I got this recipe in a Yahoo! vegetarian group when I was trying to figure out what to do with the figs I bought. I ended up eating them all raw ... delish! I bought some more figs over the weekend and wanted to do something different with them. I settled on this recipe, mostly because I had nearly everything in my pantry. The recipe was posted by Maureen, but credits Chupa Babi for the original file.
The recipe started with cooking chopped onion in olive oil until it was golden colored. Then the pearl barley was added and cooked for two minutes to toast it. Next the broth was added, the pan was covered, and the barley was simmered for 35 minutes.
Meanwhile, the pasta was cooked according to the package directions. I didn't have bowtie pasta, but I did have mini penne pasta, so I used that. Once the barley simmered, the figs were added and it was cooked for 5 more minutes. I must admit, I had to add broth to the barley mixture at least three times. Once while it was cooking and had 15 minutes left, once when I added the figs, and then again before I added the spices and pasta. The directions stated to drain the pasta, put it in a bowl, and add the spices to the pasta before adding the barley mixture. I didn't have fresh spices, so I added the dried spices to the fig mixture in hopes that the flavors would meld better. I used frozen lemon zest. I have lemon, lime, and orange zest in my freezer in little prescription containers so I always have some on hand.
This is a sweet pasta dish. I thought it might be a little savory due to the thyme, but it's really not. It's not overly sweet, just has a hint of sweetness. It's a fresh, new taste for me. I love the figs in the dish. I think I needed to add more water to the barley and let it cook a little longer than it did as it's not as tender as I would like it, but overall, it's good.

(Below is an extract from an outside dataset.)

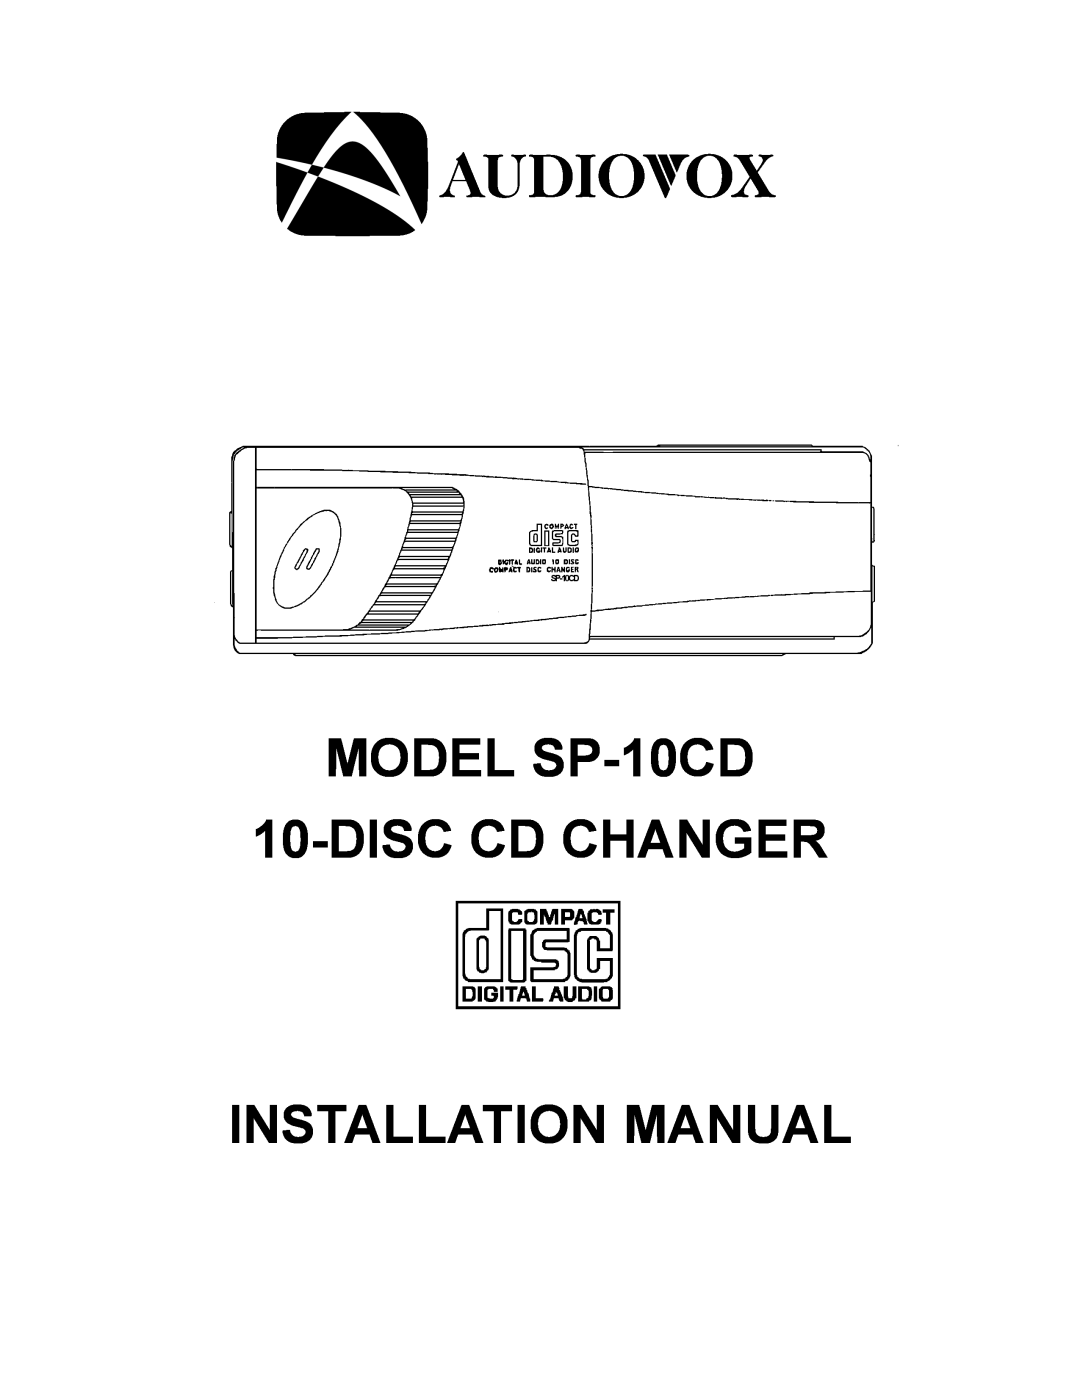 Audiovox installation manual MODEL SP-10CD 10-DISCCD CHANGER, Installation Manual 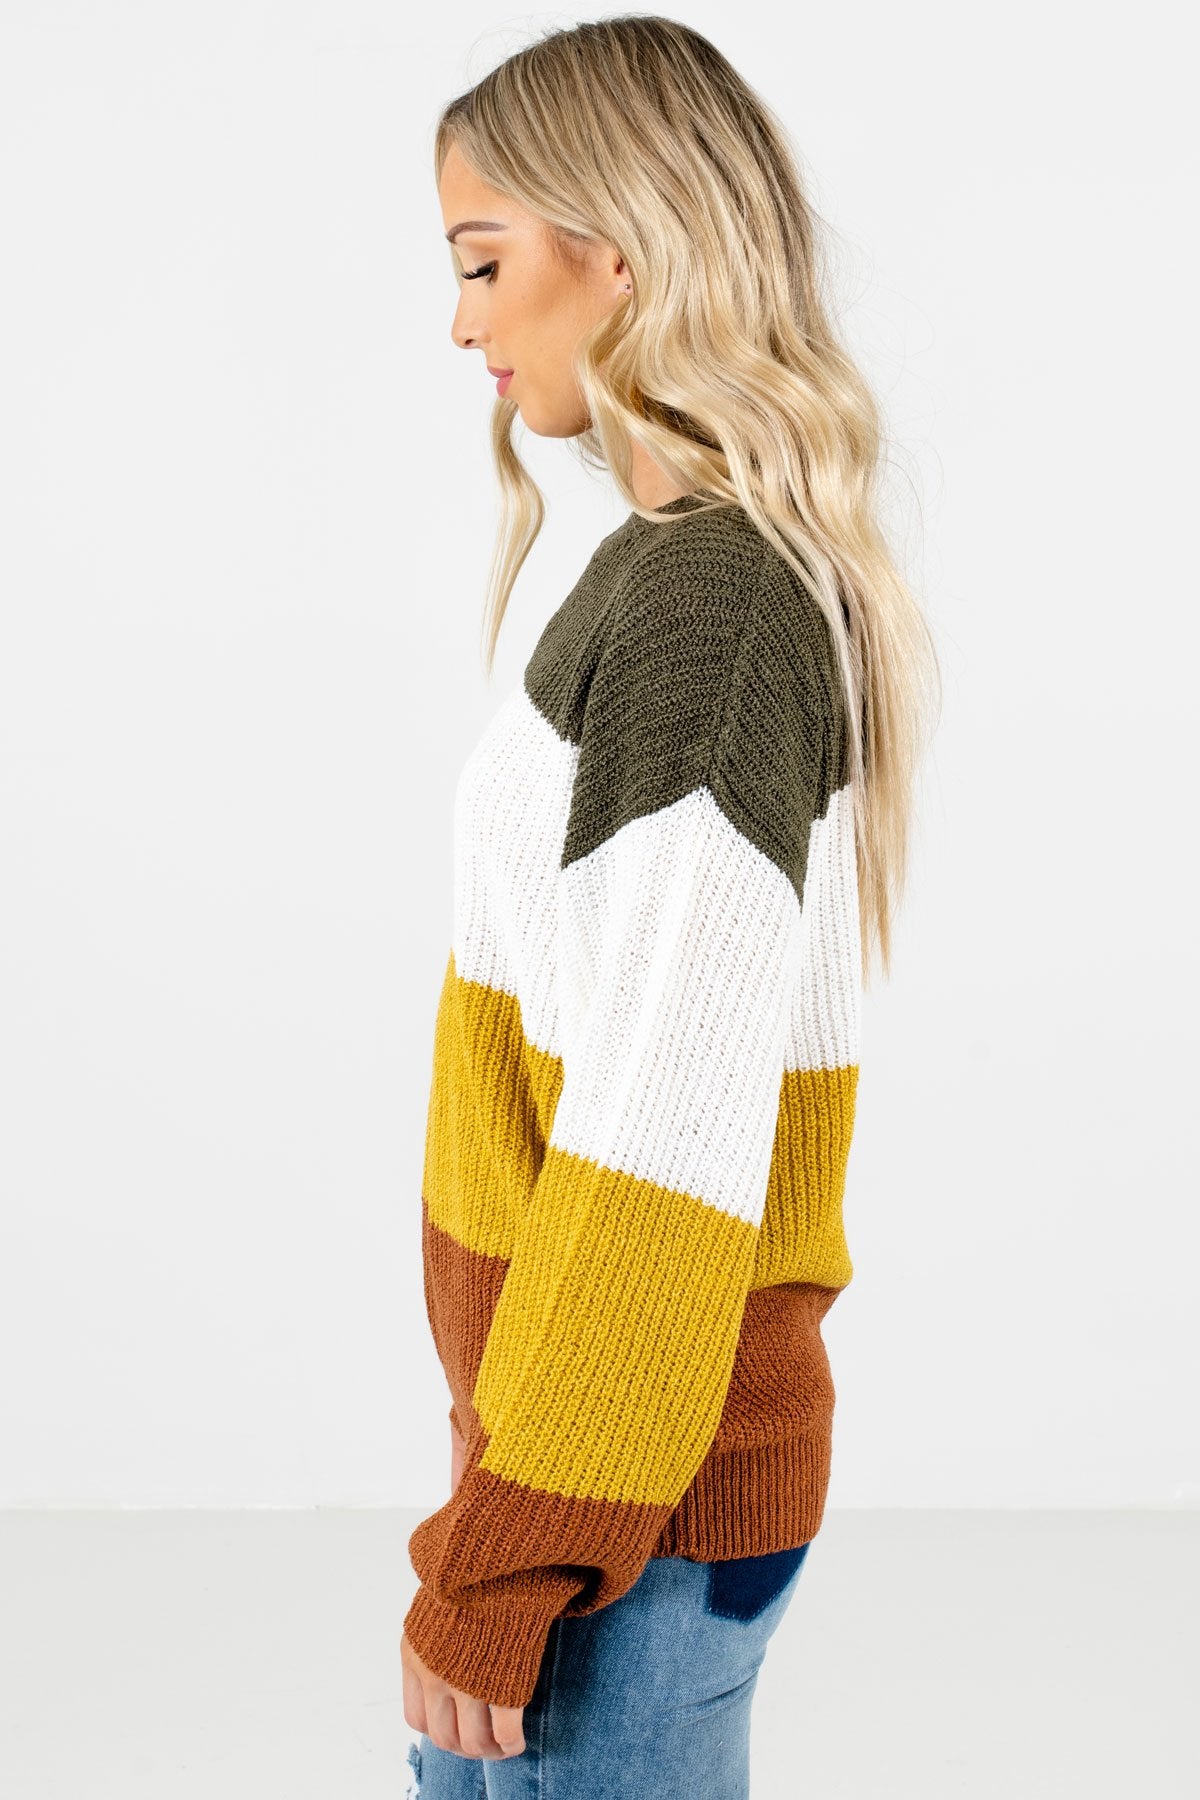 Mustard Yellow Round Neckline Boutique Sweaters for Women

For those of you who would like to try the recipe, I've listed it below with my changes in parenthesis. I did not use nuts, although I had some almonds. I didn't feel like toasting them. I can see where almonds would add a wonderful element to this dish. I'll have leftovers. I think I'll toast some almonds to sprinkle on the leftovers when I have them.
Barley and Bow Tie Pilaf with Figs, Lemon, and Thyme
2 T. olive oil, divided
1 c. chopped yellow onion
1/2 c. pearl barley
1¼ to 1½ c. broth (I used at least 2 c., maybe more of veggie broth)
8 oz. bow tie pasta (I used mini penne pasta)
1 c. figs, stemmed and halved or quartered
½ c. chopped, toasted almonds, walnuts, or pecans (optional)
3 T. chopped fresh thyme leaves or 1 t. dried thyme leaves (I used ½ t. ground thyme)
1½ t. finely grated lemon zest (I used frozen)
salt, to taste (optional ... I didn't use any salt)
Heat half of the olive oil and saute onion until golden; add barley and saute 2 more minutes. Add broth (I added 1½ cups to start); cover and simmer for 35 minutes. Add figs and cook for an additional 5 minutes adding more broth if necessary.
While barley is simmering, cook pasta. Drain, put in a bowl, toss with rest of olive oil. Stir in barley, and spices. Serve warm. Variations include adding ½ c. browned TVP or tofu chunks.
It's a nice alternative to regular pasta. Although I won't have this as one of my regular dishes, I think it's good for an annual fig, barley, and pasta pilaf.